# DIY 150g Stand and Canopy Many pics to come



## kevin1488 (Jan 20, 2009)

So i just got a 150g tank for 150 bucks from a friend and gonna build a stand and canopy for it. The stand i started off by 6 4x4's and notched them out for the frame to sit in them here are some pics of the 4x4's that i started on and will post more pics as i progres.


----------



## ridley25 (Jan 5, 2008)

I see you got a nice start on your bacteria colony!

Can't wait to see more pictures.

kevin


----------



## kevin1488 (Jan 20, 2009)

Please explain what do you mean Bacteria Colony..


----------



## ridley25 (Jan 5, 2008)

I was afraid that joke was too obtuse. I also have a boy and a girl, and kids are really dirty...covered in bacteria...the nitrogen cycle...bacteria...any time you need to explain a joke, you know you told it badly.


----------



## bulldogg7 (Mar 3, 2003)

Nice growout tank :lol: 
Couldn't help another bad joke.
Going to be a fun build to watch opcorn:


----------



## kevin1488 (Jan 20, 2009)

You guys are to funny. When the wife gets home i am gonna work on the horizontal parts of it and get the frame done tonight. I am thinking i am gonna use birch 1/4 ply for sheeting and 3/4 Birch ply for the doors what do you think...


----------



## kevin1488 (Jan 20, 2009)

It wont let me say B I R C H that is weird..


----------



## phillyb (Apr 1, 2009)

Lookin good!

opcorn:


----------



## kevin1488 (Jan 20, 2009)

Here is the frame all put together. I just need to sheet the bottom for a floor for it and i am also gonna put a sheet on top for the tank to sit on. Here are some pics.. The Stand will sit about 34" high i opted to make it a tad bit high cause i like nice tall tanks. I think overall from bottom to top of canopy it will be close to 65 to 67"


----------



## nauTik (Mar 18, 2009)

ridley25 said:


> I was afraid that joke was too obtuse. I also have a boy and a girl, and kids are really dirty...covered in bacteria...the nitrogen cycle...bacteria...any time you need to explain a joke, you know you told it badly.


hahaha, i liked it


----------



## Malawi King (Apr 10, 2009)

looks great what do u plan of for filtration?

good deal to!!!

what i dont get is why people dont use 4x4's and most do 2x4 is it becouse of cost?

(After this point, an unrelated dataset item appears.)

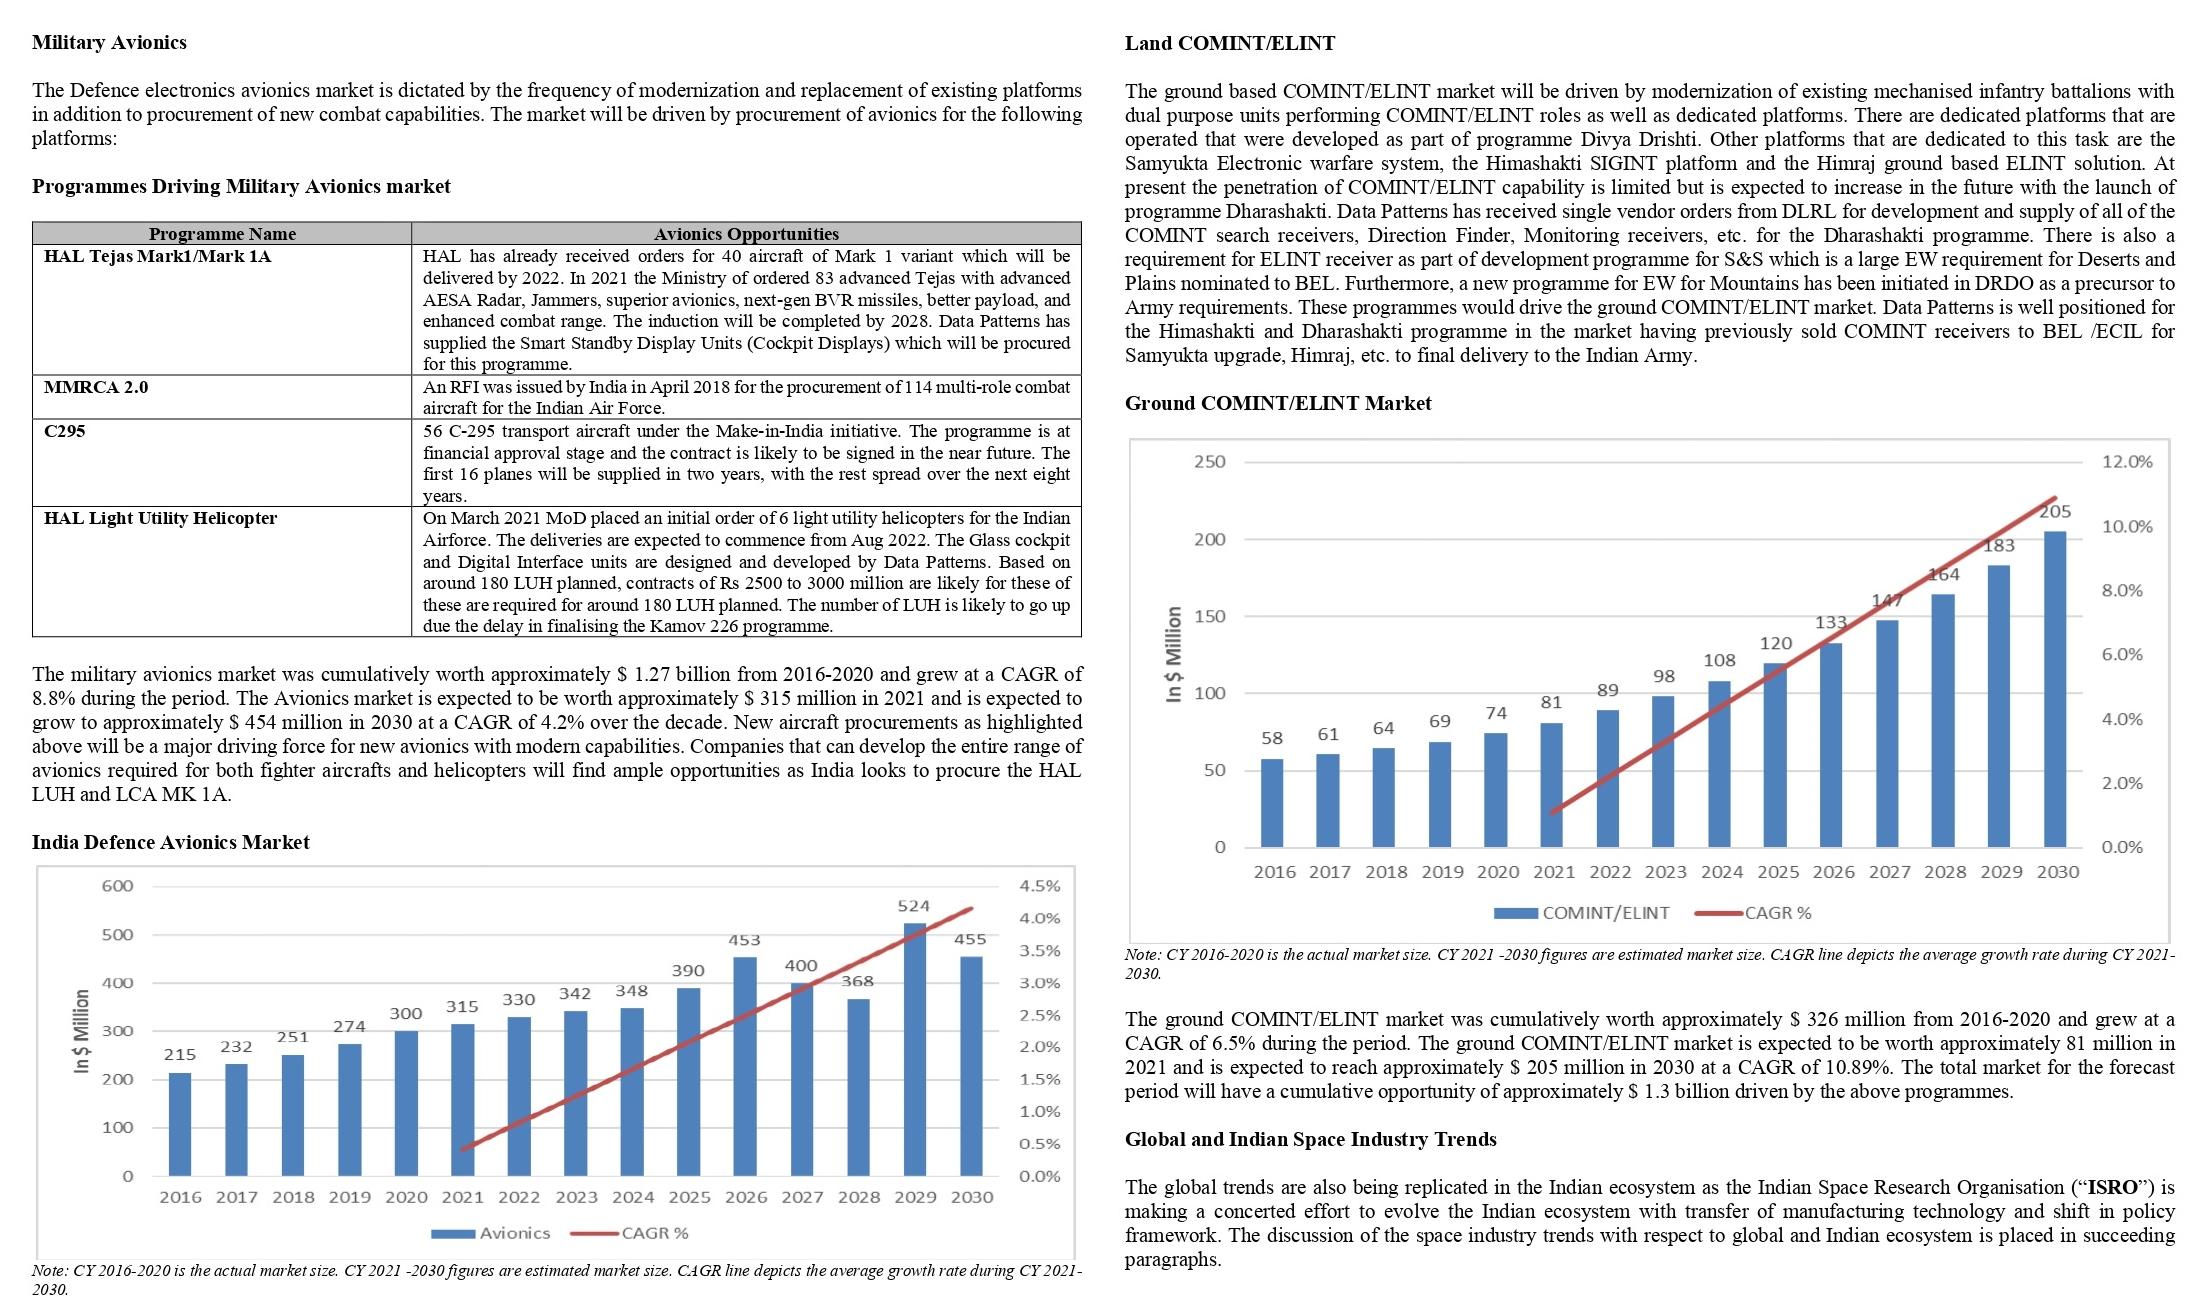 Data Patterns Defence market overview-2.png

4x4 would seem much stronger and u would need less support?


----------



## kevin1488 (Jan 20, 2009)

Yeah 4x4's are way stronger i had some laying around the house so i figured i would use them. Filtration i have to Magnum 350's, 2 AC110's and a Powerhead 902 with a Sponge Attached. I think that will be more than enough. Lighting i am not sure i was thinking of doing 4 48" T-8's but as for lights it self i think i am gonna do the 6700k 32w bulbs what do you think. Any suggestions greatly appreciated..


----------



## fishEH (Sep 15, 2008)

Malawi King said:


> what i dont get is why people dont use 4x4's and most do 2x4 is it becouse of cost?
> 
> 4x4 would seem much stronger and u would need less support?

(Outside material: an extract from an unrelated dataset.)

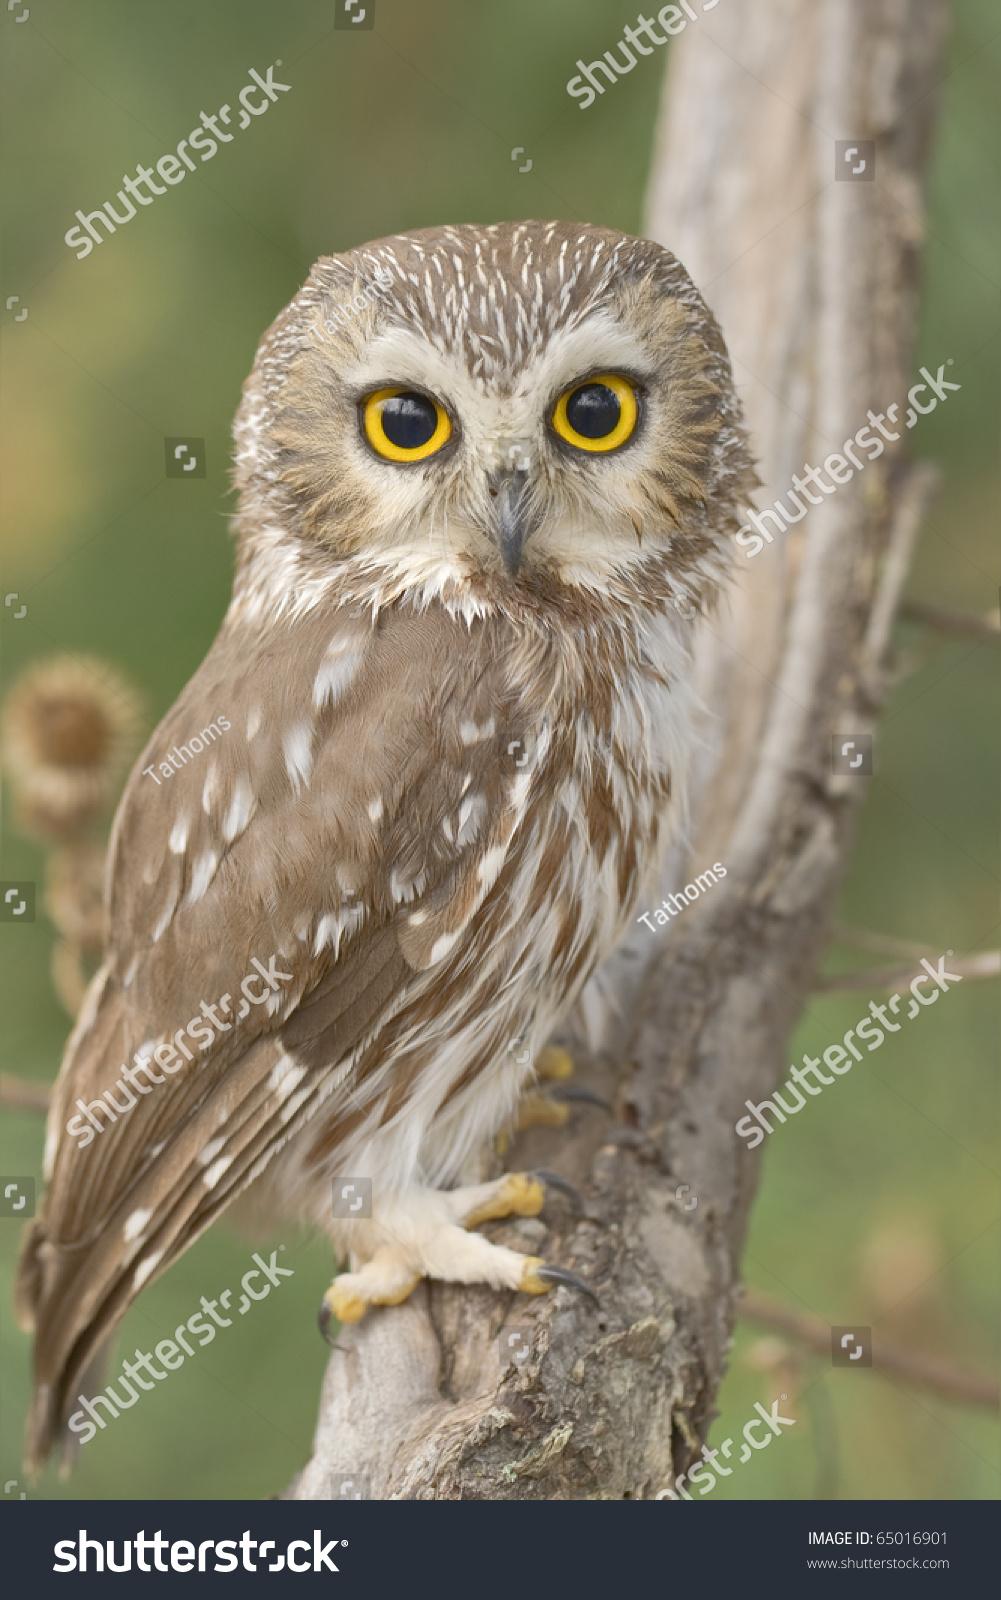 stock-photo--northern-saw-whet-owl-one-o

I just built two new stands for my tanks. My original plan was to use 4 x 4's for the legs. Unfortunately the HD only carries treated 4x4's or the ridiulously expensive Cedar ones. So I opted for 2x4's instead. It turned out to be easier too, I was able to notch them like KEVIN with just my jig saw. Here's what my new stands look like.


----------



## Mcdaphnia (Dec 16, 2003)

Malawi King said:


> looks great what do u plan of for filtration?
> 
> good deal to!!!
> 
> ...


4 by 4's are a substandard choice because they warp and twist more than other lumber dimensions. Also when you notch them, they are only as strong as their thinest part, so that turns them into a 2 by 4 or 2 by 2 anyway, but with yearnings to imitate a pretzel. Where you might want a 4 by 4 cross section, two 2 by 4's with a half inch plywood "filling" are stronger in the direction parallel to the plywood insert and much, much more stable than a 4 by 4 because of the more balanced grain and the laminations.


----------



## kevin1488 (Jan 20, 2009)

Notching mine was rather fun i used a table saw for all the cuts. For one side i set my blade to 3 1/2 high and cut that then set the blade to 1 1/2 long it was rather Precise I was impressed how it turned out. BTW I am a union Finish Carpenter. So i gotta a little bit more skills than the average joe. Ok sorry had to brag a little.


----------



## kevin1488 (Jan 20, 2009)

I am gonna finish up the sheeting of the bottom and the top tommorrow and work on the 1x4 trim pieces this weekend i hope.


----------



## mithesaint (Oct 31, 2006)

Malawi King said:


> what i dont get is why people dont use 4x4's and most do 2x4 is it becouse of cost?
> 
> 4x4 would seem much stronger and u would need less support?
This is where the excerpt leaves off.